Here's what strikes me as strange: children's working memory is limited. They can't recall specific training examples the way our models can access their parameters. Yet they learn to imitate language, movement, expressions, and social norms with remarkable speed.
When I think about how transformers work, it's different. They compress vast amounts of training data into billions of parameters. They have context windows that span thousands of tokens. But they're also probabilistic, not deterministic. The same input produces similar but not identical outputs. Still, there's a kind of stability there. The knowledge is encoded, accessible, reliable.
But they also never really learn. Not in the way a child does.

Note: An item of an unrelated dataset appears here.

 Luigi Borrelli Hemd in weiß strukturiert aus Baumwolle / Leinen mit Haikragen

Here's what I mean: you can have hundreds of conversations with ChatGPT about your life, your preferences, your way of thinking. Each conversation, it has a cheat sheet about you from context. But it doesn't really know you deeply. It hasn't learned you over time the way a friend would. Tomorrow's conversation starts fresh. The accumulated understanding doesn't persist.
A child learning "hot" from touching a stove once doesn't just memorize that instance. He builds a concept that generalizes to candles, ovens, steam, anything that gives off heat. One example becomes a principle.

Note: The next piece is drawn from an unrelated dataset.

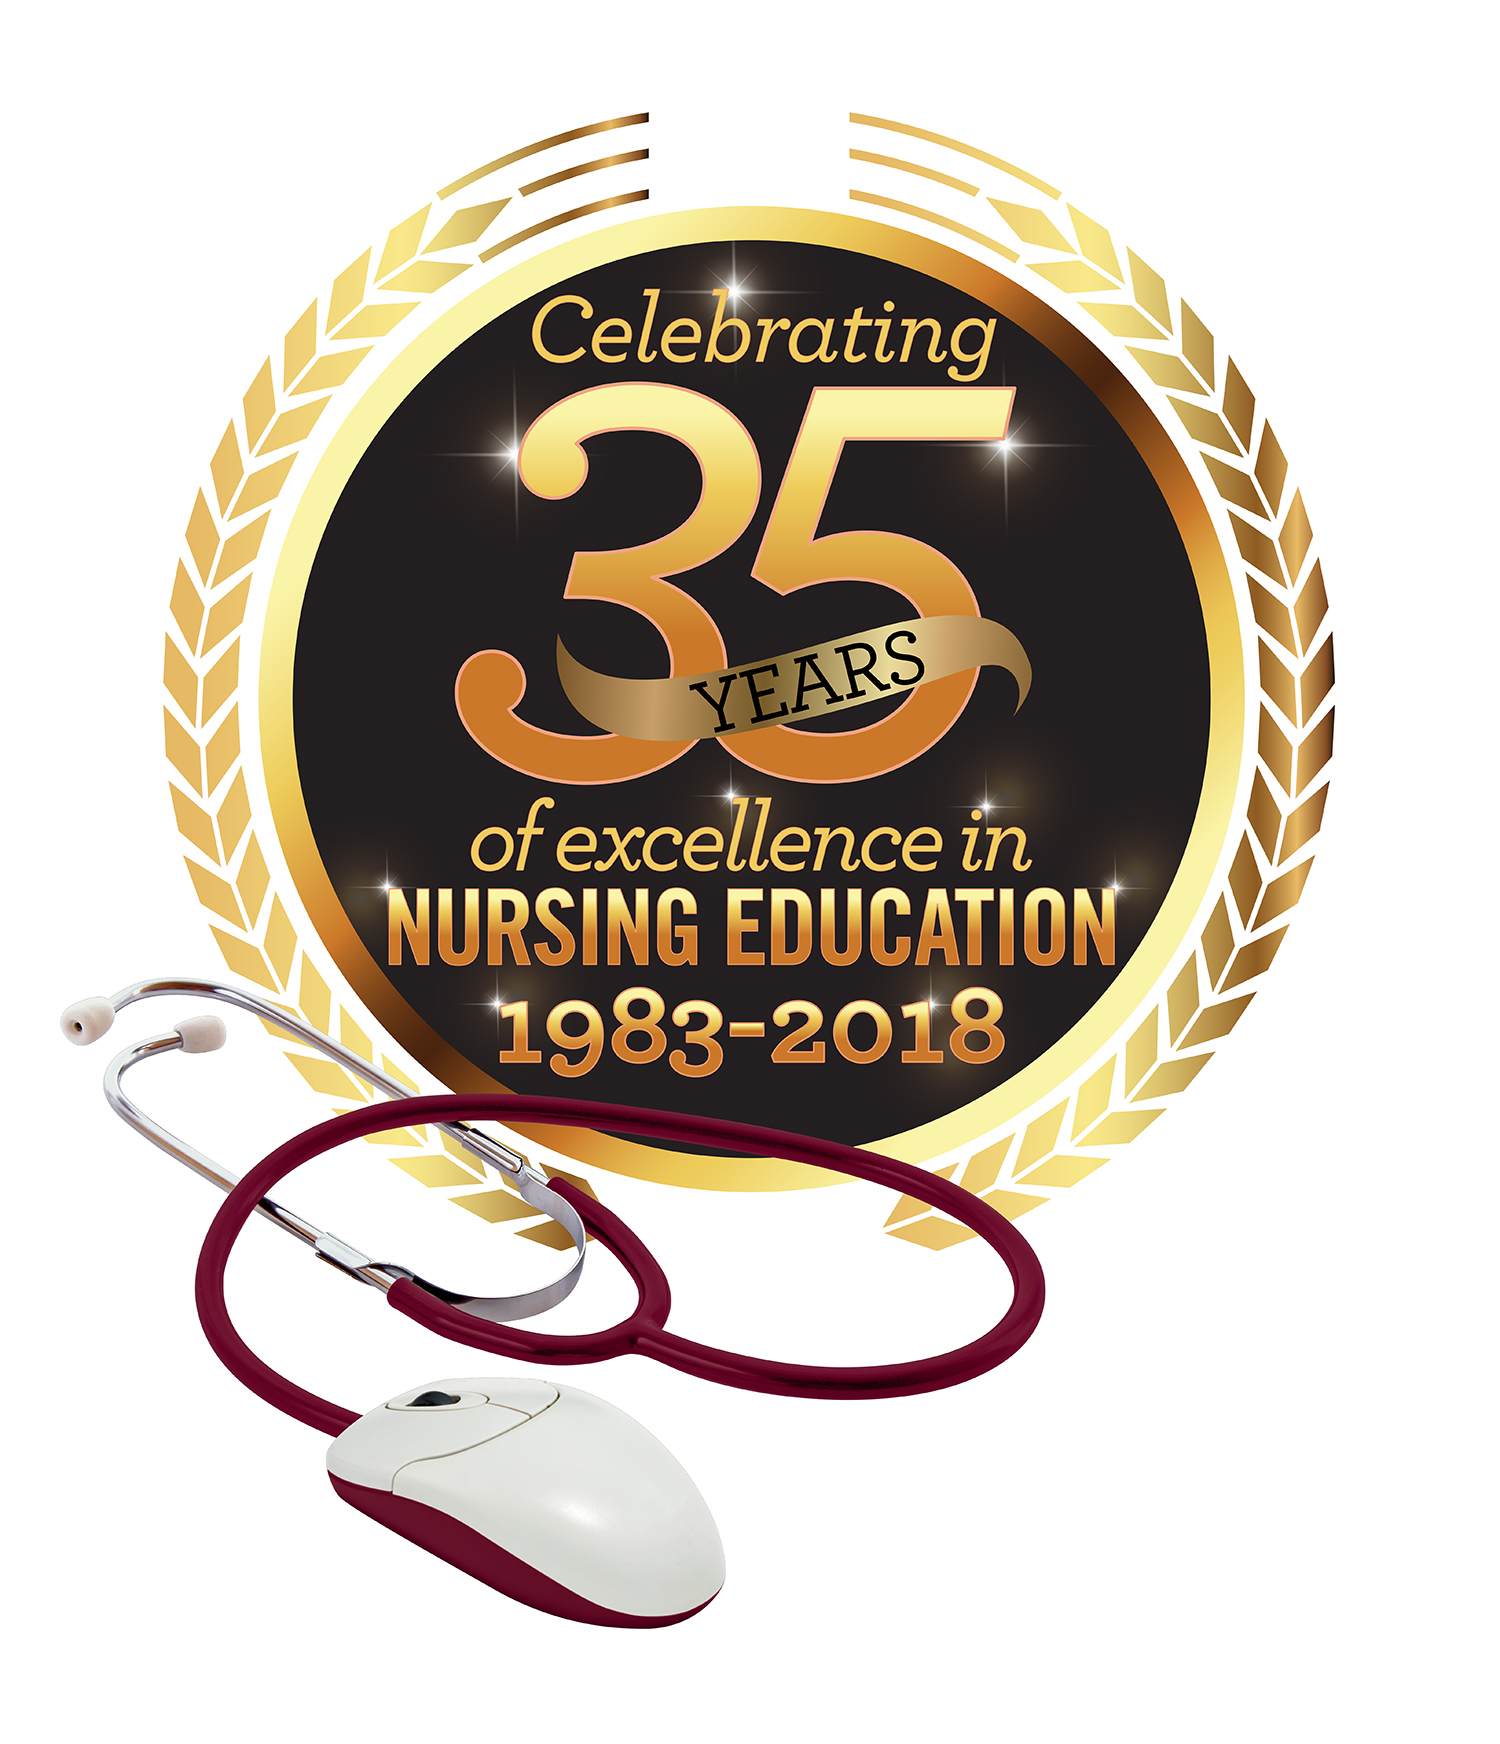 School of Nursing 35 Years of Excellence in Nursing Education

What's the difference? I'm not entirely sure, but I have a hypothesis: maybe memory and learning are inversely related in some fundamental way.

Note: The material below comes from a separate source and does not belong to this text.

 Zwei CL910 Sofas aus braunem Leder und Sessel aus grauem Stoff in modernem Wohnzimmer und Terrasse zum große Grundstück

I used to think learning was just sophisticated memorization. Store enough patterns, retrieve the right one at the right time, done. That's essentially how transformers work: compress vast amounts of text into parameters, then predict what comes next based on stored patterns.
But watching how children learn has made me question this. They don't store and retrieve. They adapt and generalize. When a child learns "dog," he doesn't just memorize specific instances of dogs. He builds an abstract concept that lets him recognize dogs he's never seen, in contexts he's never encountered.
Can LLMs do this? In a sense, yes. They can recognize novel dogs from their compressed understanding of "dogness" across millions of training examples. But there's a difference in how that understanding forms. The LLM needs vast data to compress into statistical patterns. The child needs a handful of examples to extract an abstract concept.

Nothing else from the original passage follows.